Prejudice or discrimination against individuals with a darker skin tone, typically among people of the same ethnic or racial group.

Some people are aware of the hierarchies created by white chattel slave owners in America and the Caribbean (Gaspar, 1996). Black women were raped, brutalised and discarded by white chattel slave owners. Children of mixed heritage born from these rapes were then taken from their mothers and deemed “good enough “to work as subservient domestic slaves in the white chattel slave owners house.

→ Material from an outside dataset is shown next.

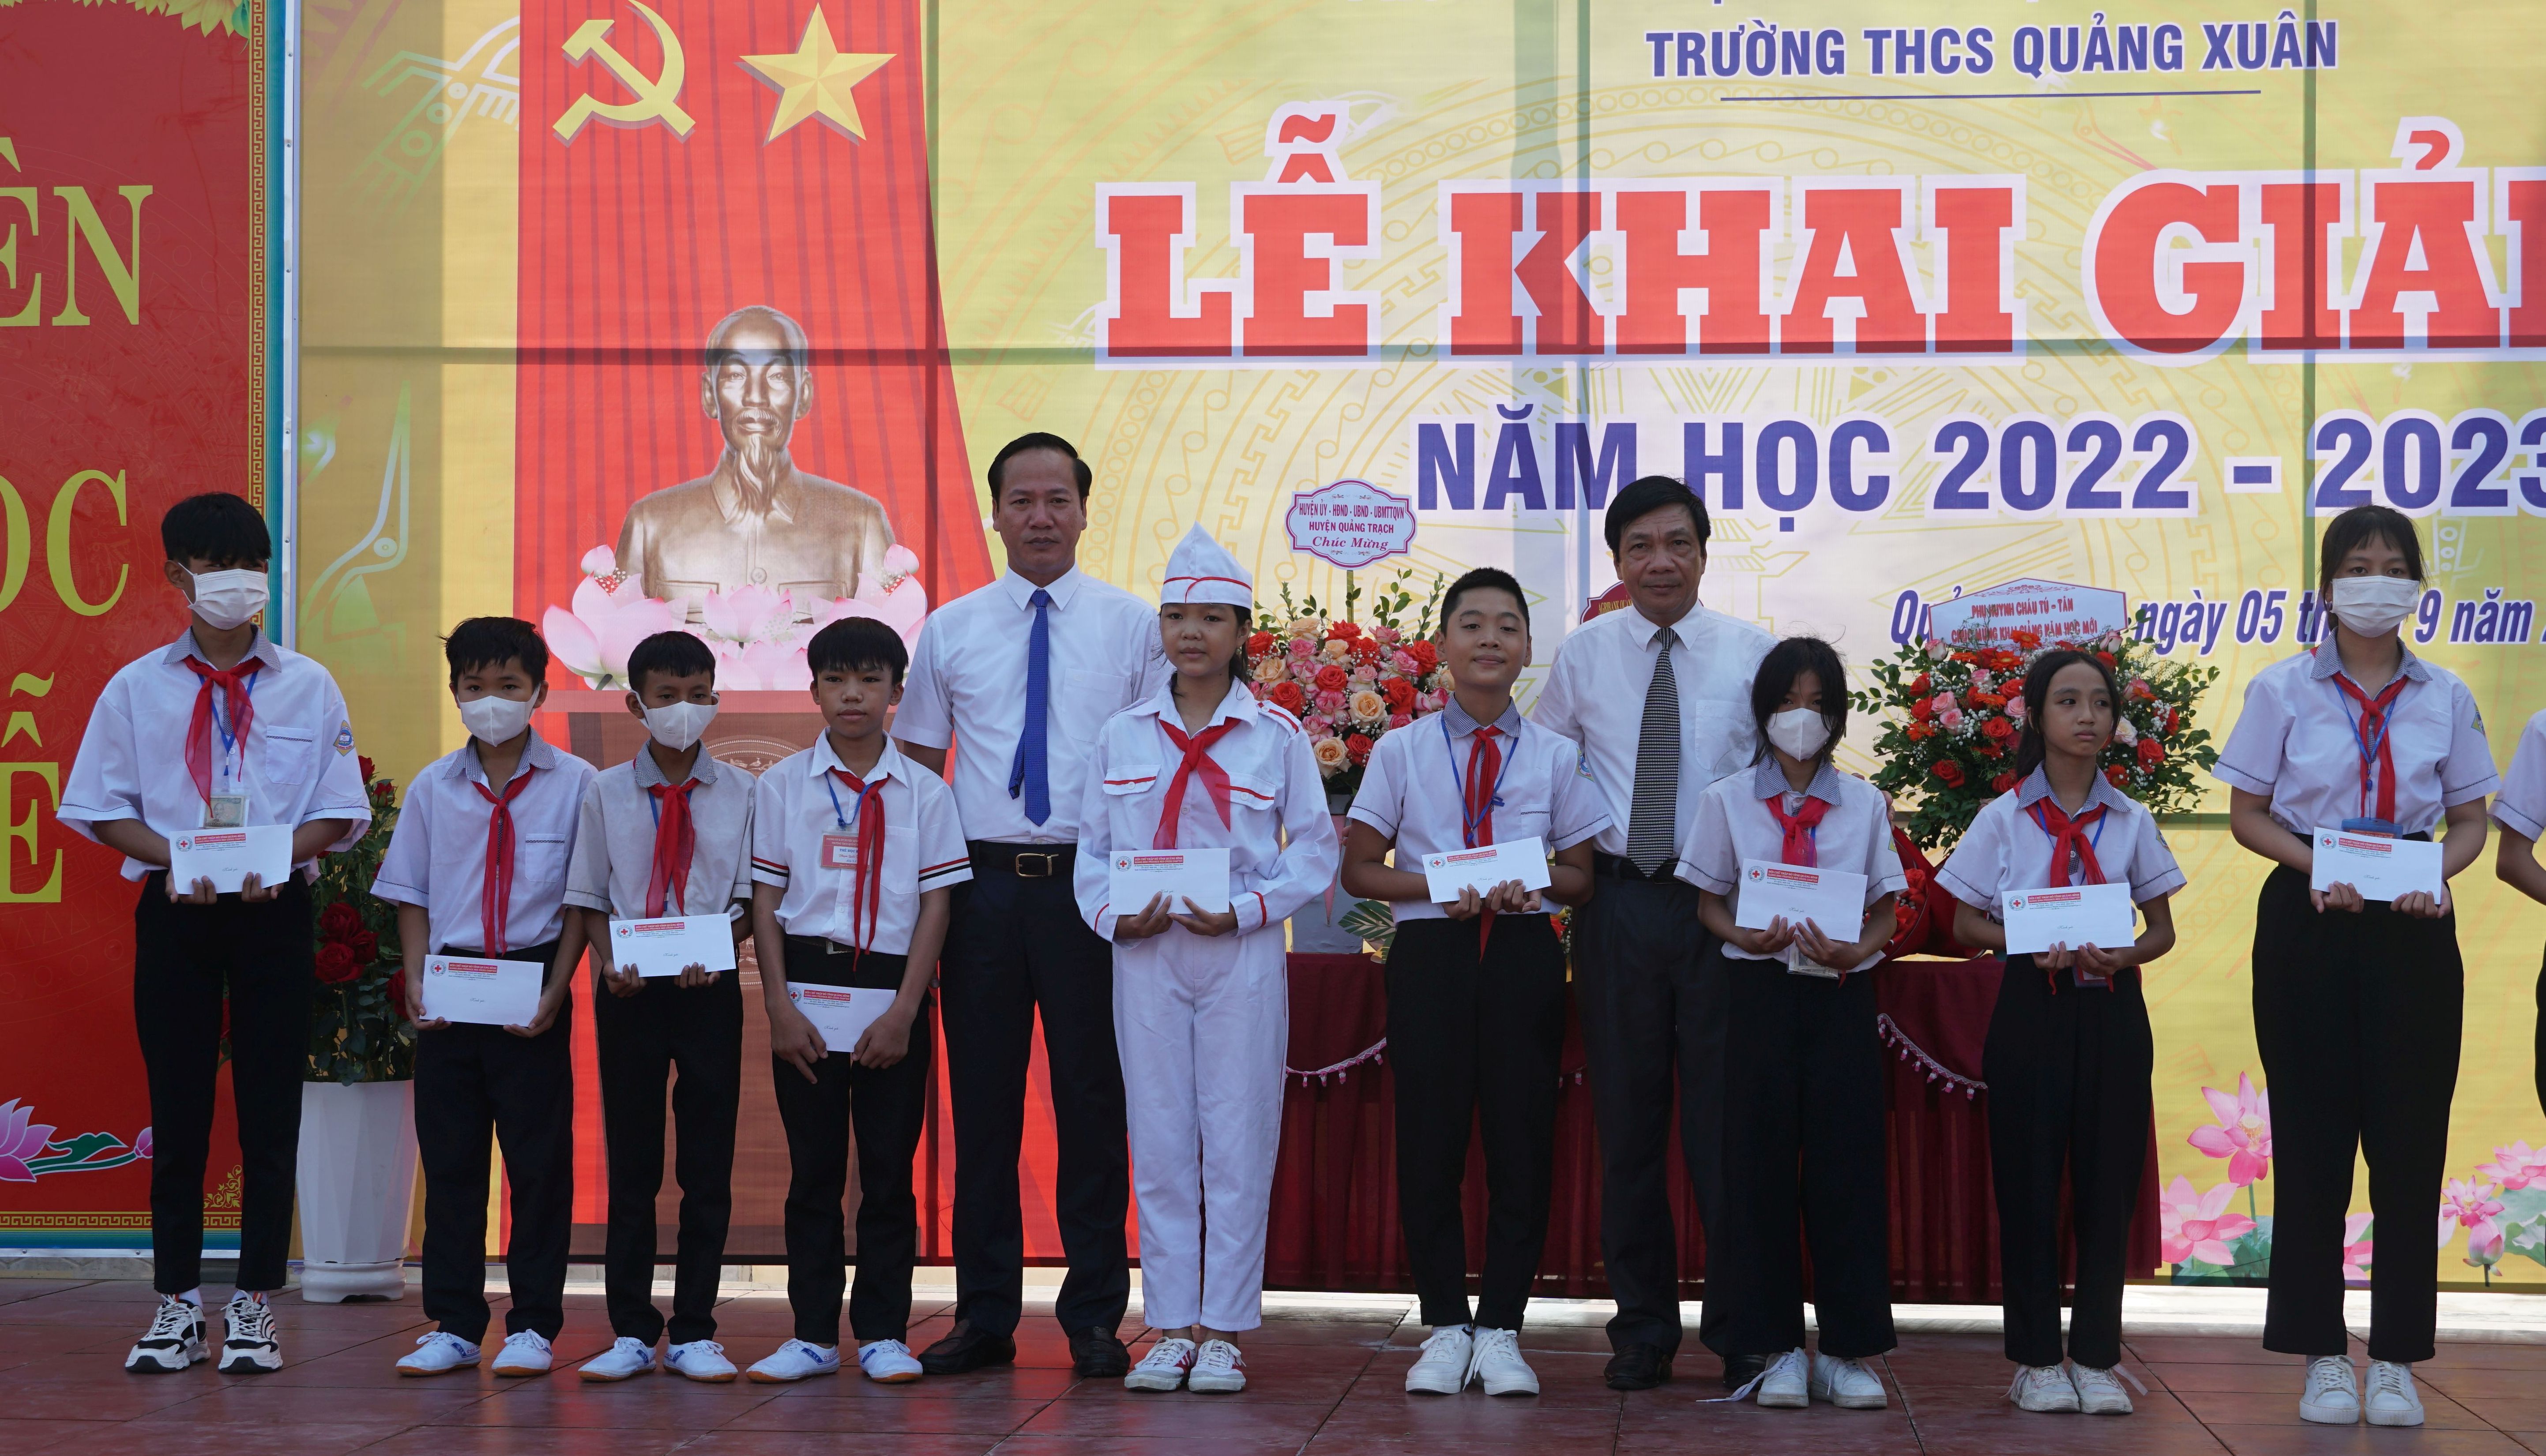 Đồng chí Phó Chủ tịch Thường trực HĐND tỉnh Nguyễn Công Huấn và đồng chí Bí thư Huyện ủy Quảng Trạch Nguyễn Xuân Đạt trao học bổng cho các em học sinh ở Trường THCS Quảng Xuân.
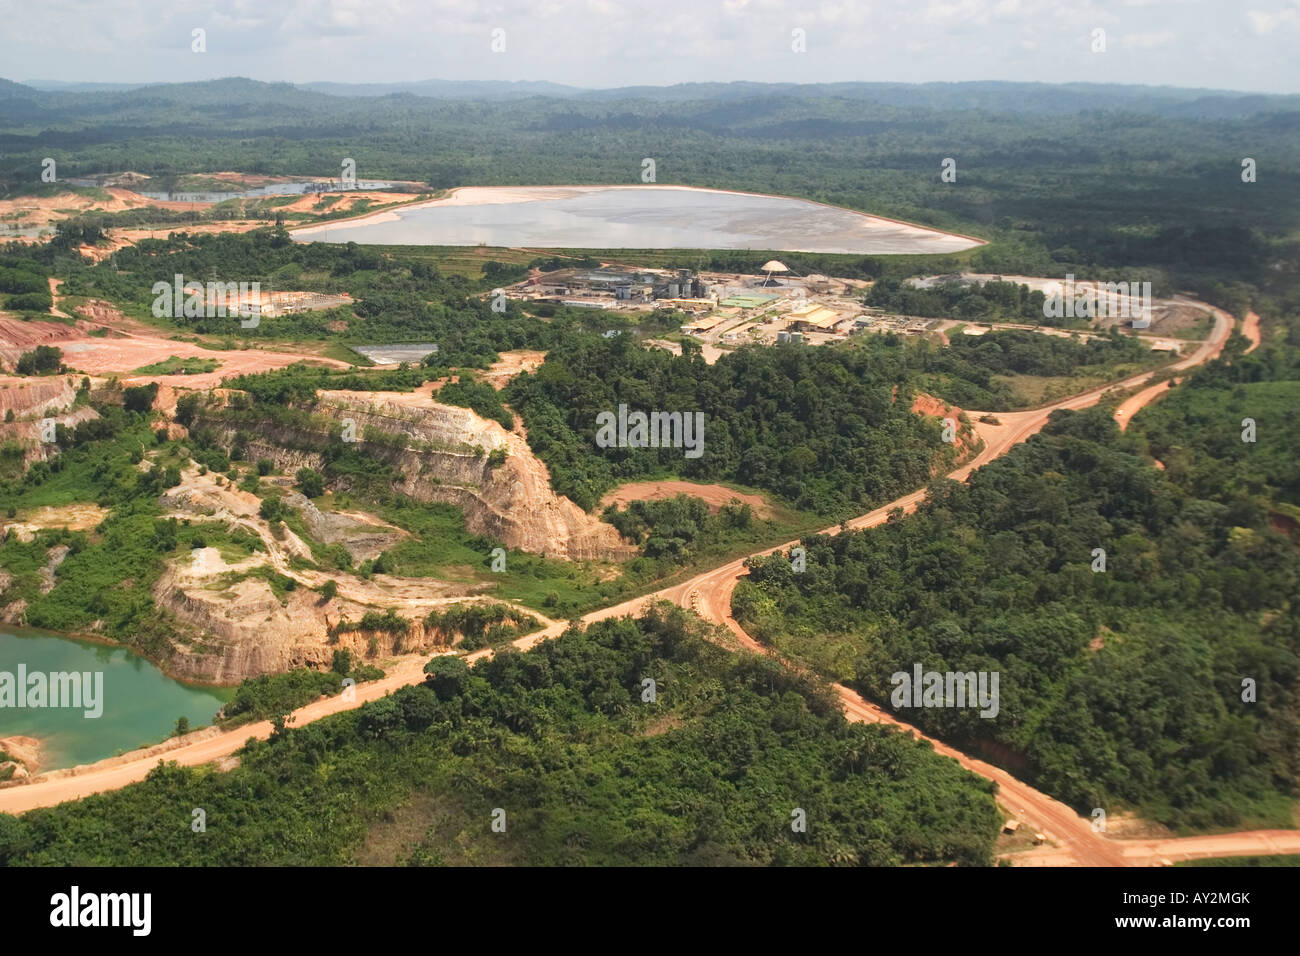 Luftaufnahme der Oberfläche Goldmine, zeigt Verarbeitung Pflanze und Bergematerial Damm in Ghana Westafrika Stockfoto

Thus, created a distinction between the “House nigger” who was often lighter in skin colour and the “field nigger” (JAY-Z, 2016), who was often darker in colour. Chattel owners often used these divisions to create discord among the slaves as the light skinned “house niggers” were afforded certain “luxuries” (Harris, 2008). They were given cast off clothes belonging to the white mistresses, access to food waste and deemed important enough to be able to serve at white chattel owners functions.

This produced a hierarchy of importance which was quickly assimilated to represent skin colour and create divisions amongst slaves who outnumbered their white chattel owners and who could very easily if united, overthrow the ruling white classes.

I use the word “chattel” (Gabriel, 2007) in this context because of its proximity to the world ‘cattle’. Historically, there has been some confusion about slavery and I would even go as far as to say a romanticism about being kept ‘against one’s will’ which has been played out in numerous depictions of slavery in film and television. Often there is a strange almost fetishtisation and sexualisation that takes place regarding the black male and female body that seeks to subconsciously or unconsciously soften the blow or justify the mass rape, systematic torture and dehumanisation Of Africans. We must remember that slaves were considered subhuman (Thomas, 1998), property, treated no better than the cows we keep today that are kept in lactation so that they continuously produce milk.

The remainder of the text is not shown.